Наконец снизошел, рассказал: был у него сын – капитан королевской гвардии, высокий, плечистый, но стать не помогла – взяли его в плен и угнали в Германию. Еще до войны, решив жениться, капитан, по господскому обычаю, пригласил в кумовья своего начальника, генерала армии Драшича. На той свадьбе старик Милян и познакомился с генералом, даже поговорил с ним. Высоко они взлетели, но уже тогда он чувствовал, что не кончится это добром. Весной, когда кум Драшич со штабом армии отступал к Печи, завернул по пути в Виницкую, к Миляну. Встретили его как нельзя лучше: напекли, нажарили всего, ракию, сыры, вина на стол выставили, пива купили в Беране, пригласили людей образованных, уважаемых разделить с ним трапезу. Позавидовала и родня и не родня чести, оказанной его дому в тяжкое время. Кто-то из тех, кого обошли приглашением или просто из повадившихся наушничать, донес итальянцам, будто Драшич в тот свой приезд оставил у Миляна армейскую казну: деньги, золото, и будто Милян все это в доме либо возле дома закопал…

Может, у Драшича действительно были деньги или золото – такова у него служба, – но господа нелегко расстаются с подобными вещами, если в самом деле что-то было, он все увез в Подгорицу, а итальянцы теперь требуют у Миляна, чтобы выдал им припрятанное. В доме и вокруг него все перекопали, каждый кустик обшарили. Искали и под очагом, и под яслями, под порогом, и на кладбище – всюду, где, по мнению Джукана и Милоша Вукичевичей, мог быть зарыт клад. А когда обыскали все и не нашли, обвинили Миляна в том, что понапрасну старались, – приводят его, допрашивают, кричат, угрожают…

– Вот какие чудеса бывают, и конца-краю им не видать, чую я, придется голову сложить в тюрьме.

Только я услышал эту историю, откуда ни возьмись – новая беда. Итальянский повар или его помощник, который пищу разносит, позвякивает половником, дает знать, что принес похлебку – босякам на ужин. Миляну поддел со дна два-три ошметка макарон, фасоли и чего-то наподобие брюквы – может, и не бог знает что для обычного человека, но все-таки спас от голодной смерти. А на меня взглянул исподлобья, признал новичка, вытаращился – видно, хочет страху нагнать. Смотрит то мне в глаза, то на шапочку, будто она краденая. Шапочка у меня обычная черногорская, не новая и не старая, но ему, судя по всему, не нравится. Вижу, злит его мой головной убор, ворчит он что-то, бормочет и посматривает искоса. Мадонну поминает, вроде хочет, чтобы я ему, как мадонне, поклонился, а я не умею, да и не могу: гордость кланяться не позволяет. Наконец зачерпнул малость соленой баланды без единого зернышка фасоли, полоснул меня взглядом еще раз и отвернулся.

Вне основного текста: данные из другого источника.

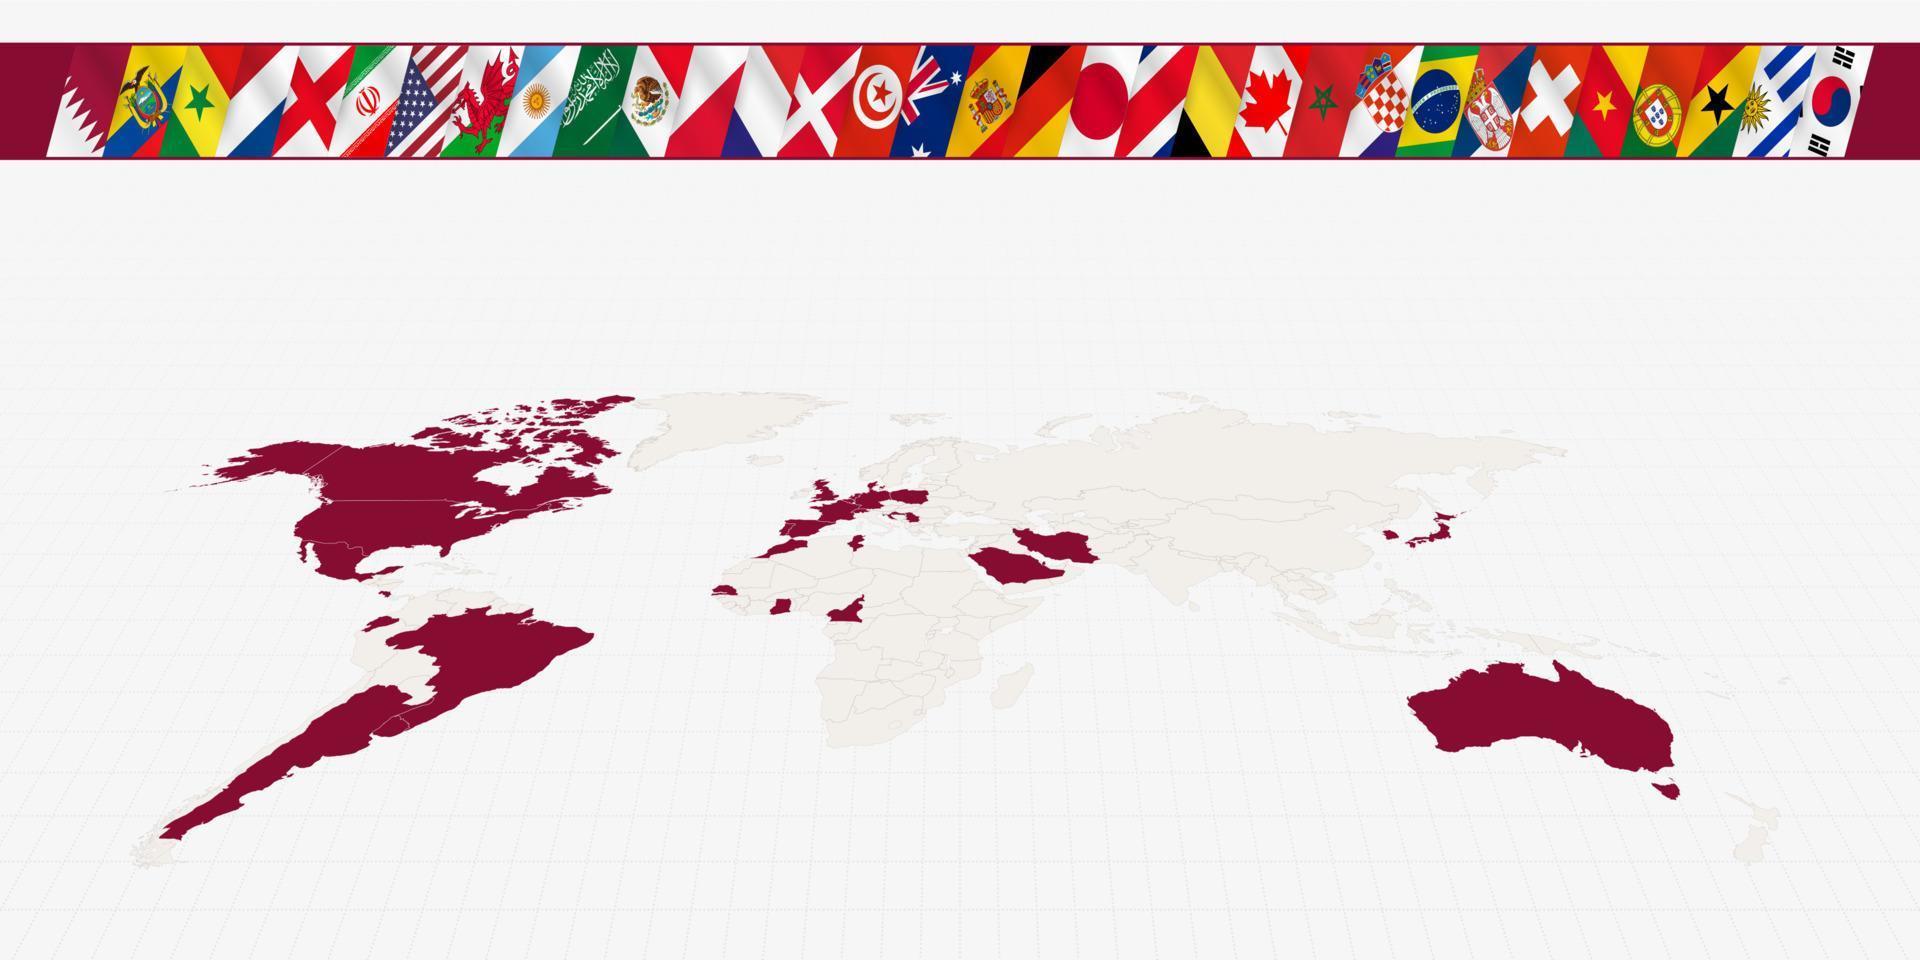 mapa do mundo com os participantes de competições internacionais de futebol destacados no mapa. uma coleção de bandeiras. vetor

На следующий день, сообразив, в чем дело, я спрятал шапочку. Пока жду прихода повара, голова мерзнет, но терпение себя оправдало, все обошлось без шума, даже перепала макаронина и малость картошки. После обеда в окно заглянул итальянский милиционер Гигое Нечекич – узнать, как мои дела. Я попросил его передать, чтобы из дому прислали накидку и кожаную шапку. Была у меня шапка-ушанка из искусственной кожи с козырьком, какие носят возницы в Метохии, там я ее и купил. Когда получил эту шапку, жизнь сразу стала краше. Смотрит на меня повар и радуется – удалось меня перевоспитать, головой кивает, бормочет, одобряет, приятно ему, что я подчинился силе, поэтому раздобрился, поскреб половником по дну котла, зачерпнул погуще и налил мне в миску, не забыл и добавки подложить. Добавка и потом не переводилась. Так я и прожил в этой шапке, как если бы на мне был головной убор вождя племени индейцев.

Тем временем четники напали на Лубнице, застали партизан врасплох, чуть не захватили штаб. Убили тридцать человек ровчан, в том числе комиссара, сына Миленко Влаховича, застрелили безоружного Светозара Велича, похватали в домах Пешичей, Обрадовичей, взяли Станию – мать братьев Ойданичей, ушедших в партизаны, и привели всех вместе. Люди напугались, посерели, съежились, голоса от страха потеряли, даже на шепот перешли. Только Станин не шепчет, будто горло у нее вдруг прочистилось и голос словно бы окреп: агитирует, предупреждает, предрекает и проклинает, языку покоя не дает. Забот у нее никаких: сыновья воюют, здоровы, молоды, а там уж как улыбнется военное счастье; за себя тоже не боится, если что и могут с ней сделать, так убить или поколотить, но она это к убыткам не относит. Смотрим на нее, завидуем, и стыд охватывает за то, что держится лучше нас. Стали пример с нее брать: ругаемся с охраной и прохожими, которые суют головы в окно – над нами поиздеваться. Ее воинственность так заразила всех, что никто страха не выказал, когда сообщили, что на днях должны нас перебросить в Скадар.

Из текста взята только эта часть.